Nel prospetto dell’ex “complesso militare” sono ancora visibili le così chiamate saettiere, ovvero, le feritoie da cui gli arcieri scagliavano le frecce. Alcuni ricercatori sostengono che in passato era presente persino una seconda elevazione; oltre a ciò, si pensa pure che all’interno di ambedue i piani esisteva un pavimento ligneo. Non sembra, invece, esserci alcuna traccia di merlatura, coronamento architettonico palesemente costante in gran parte degli edifici di epoca medievale. Ad ogni modo l’estensione del “centro di ricovero” per gli ammalati agevolò considerevolmente la tutela degli infetti, garantendo loro maggiori attenzioni e cure.

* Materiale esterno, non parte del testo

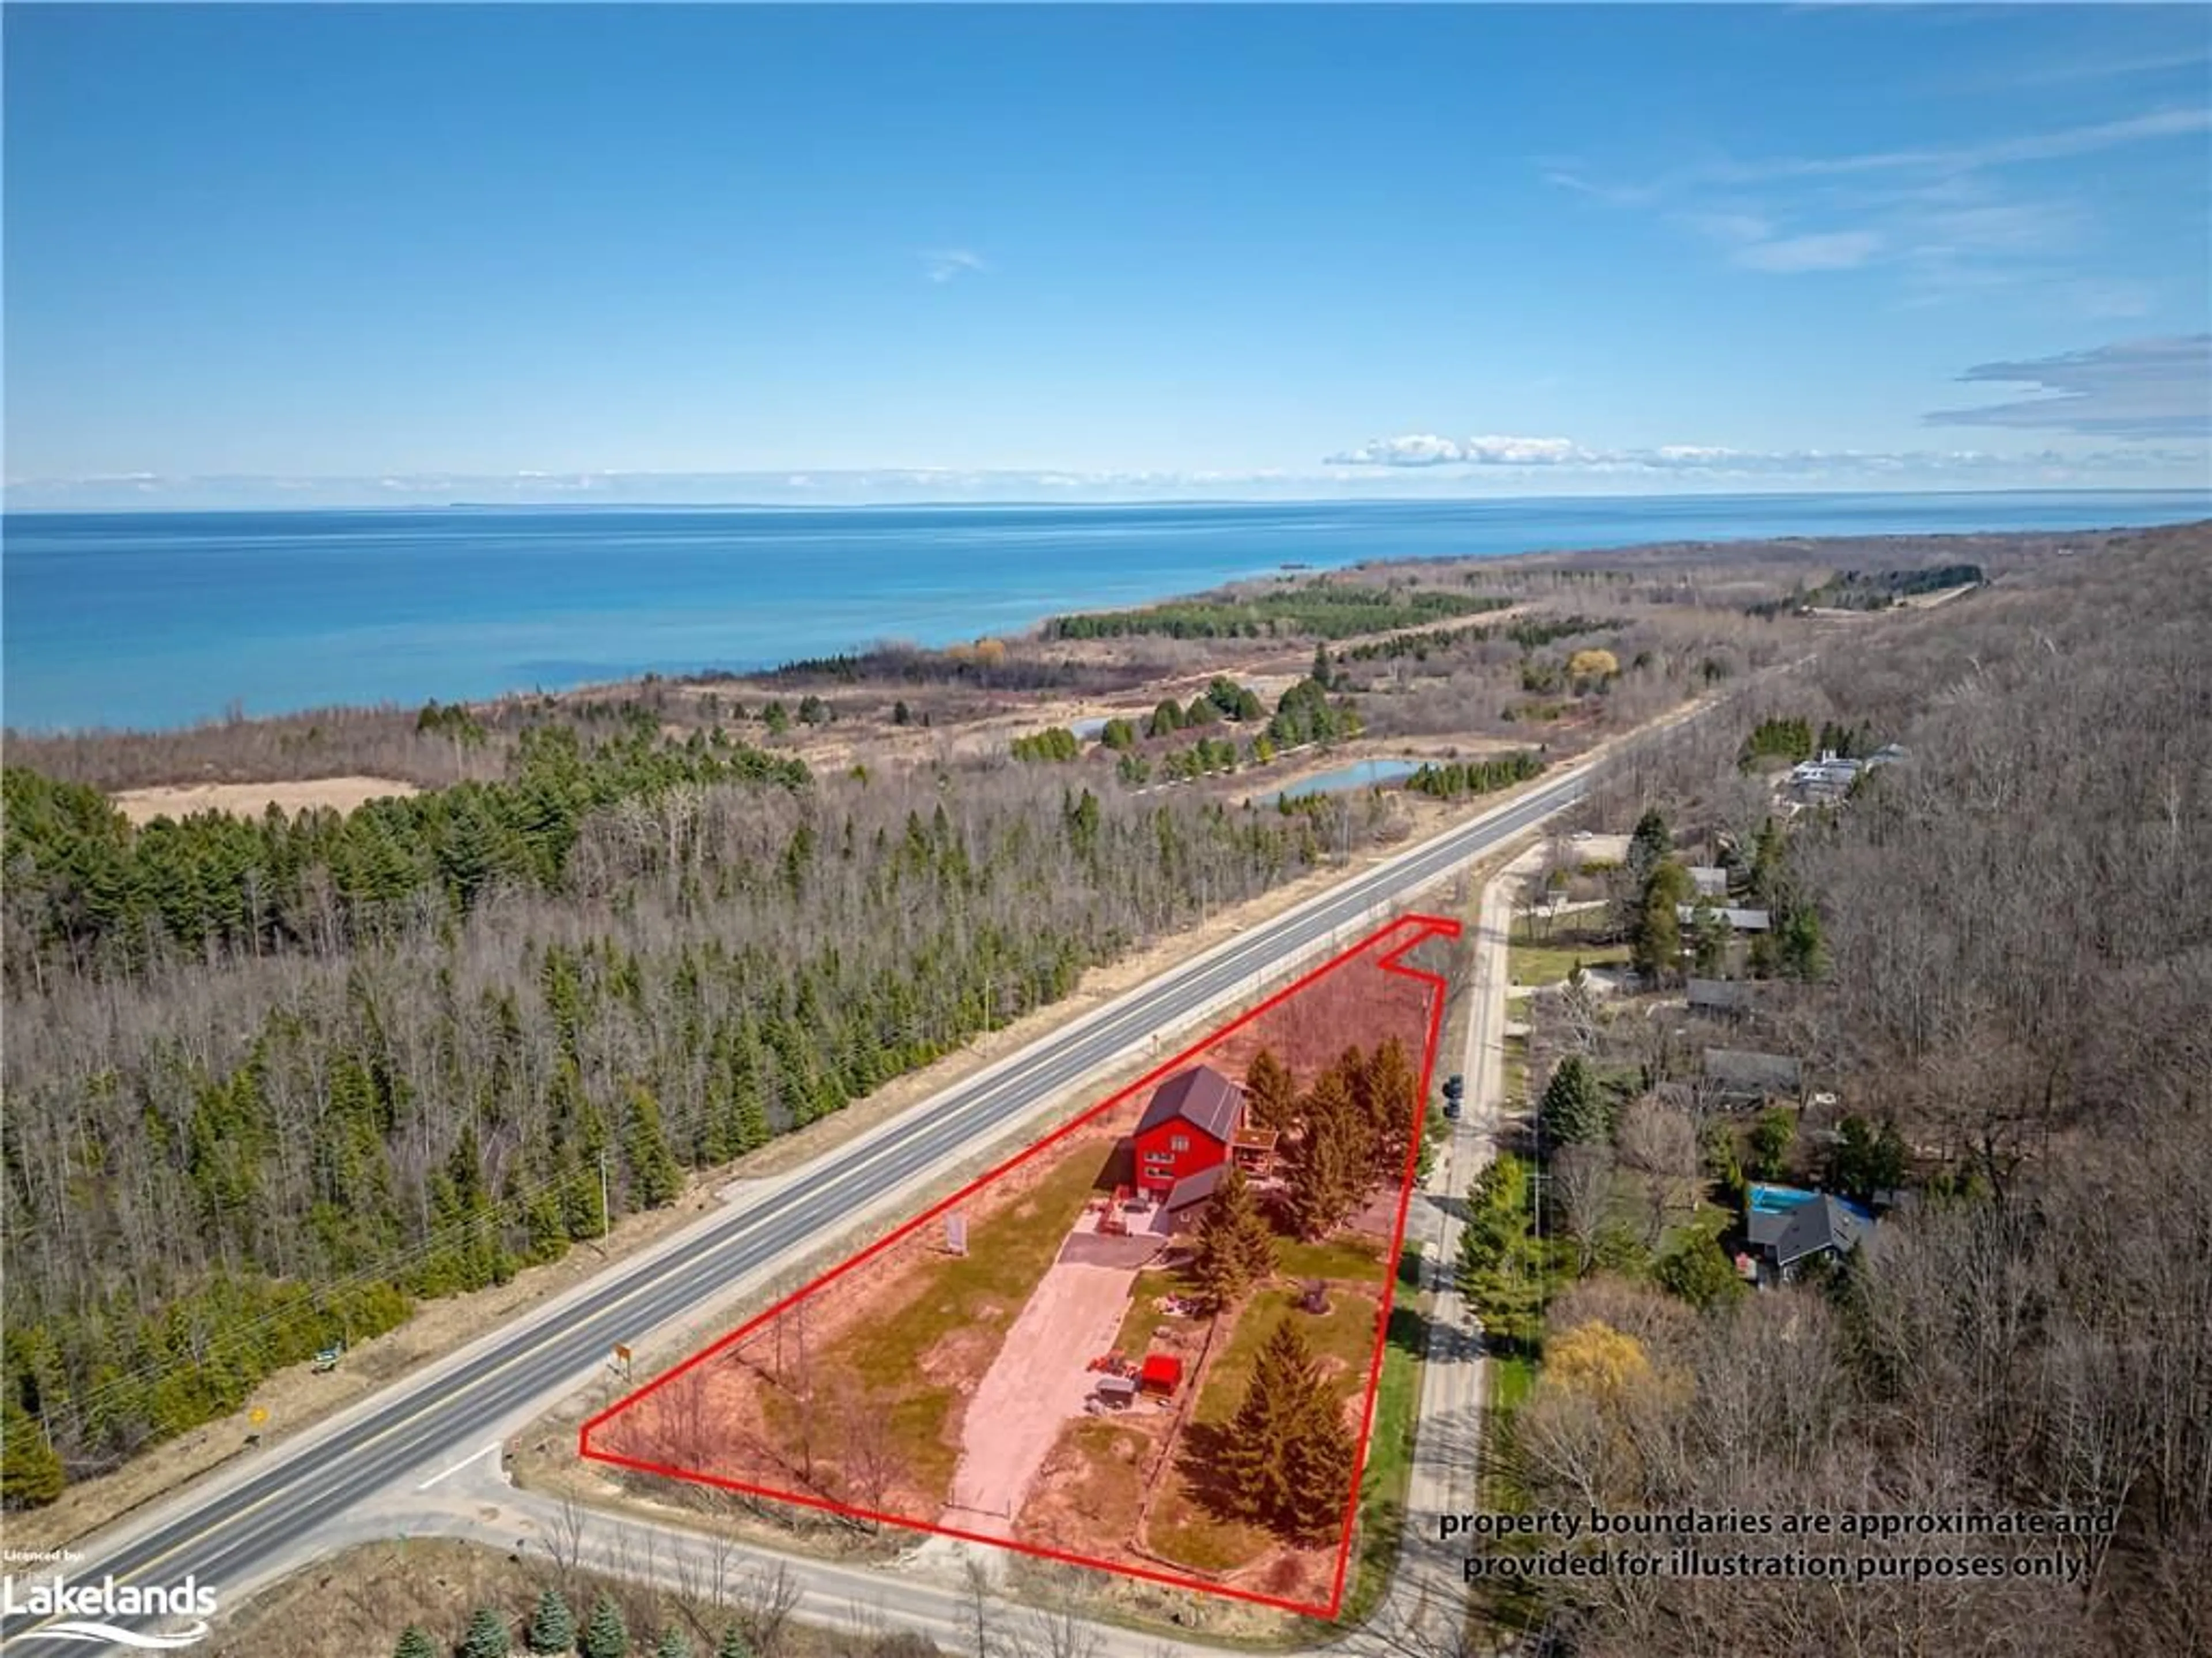 Lakeview for 121 Old Highway #26, Meaford Ontario N4L 1W7

Fu proprio la sublime vocazione medica di questo nuovo “rifugio” a rendere la torre del vescovo parte integrante e sostanziale del “Bastione”. Nell’area pertinente ad esso, a quanto sembra, un tempo sorgeva il tempio di Cerere; ricordato da Cicerone nella magna opera “ In Verrem”, siamo a conoscenza che fu distrutto per mano del vescovo Leone II “il Taumaturgo”.

Gli elementi lapidei dell’edificio templare, prestando fede alle documentazioni pervenute, furono successivamente utilizzati per innalzare una nuova cattedrale, oggi nota come Sant’Agata la Vetere. In ogni caso, il fatidico “Bastione” venne portato a compimento nel 1556 su progetto del viceré Vega.

Nell’arco di un ventennio, però, precisamente nel 1576, l’intero perimetro murario si tramutò in luogo di isolamento per gli “appestati”. Non a caso, il soprannome stesso rimanda a questa triste parentesi storica che ha falcidiato il capoluogo etneo nella seconda metà del Cinquecento.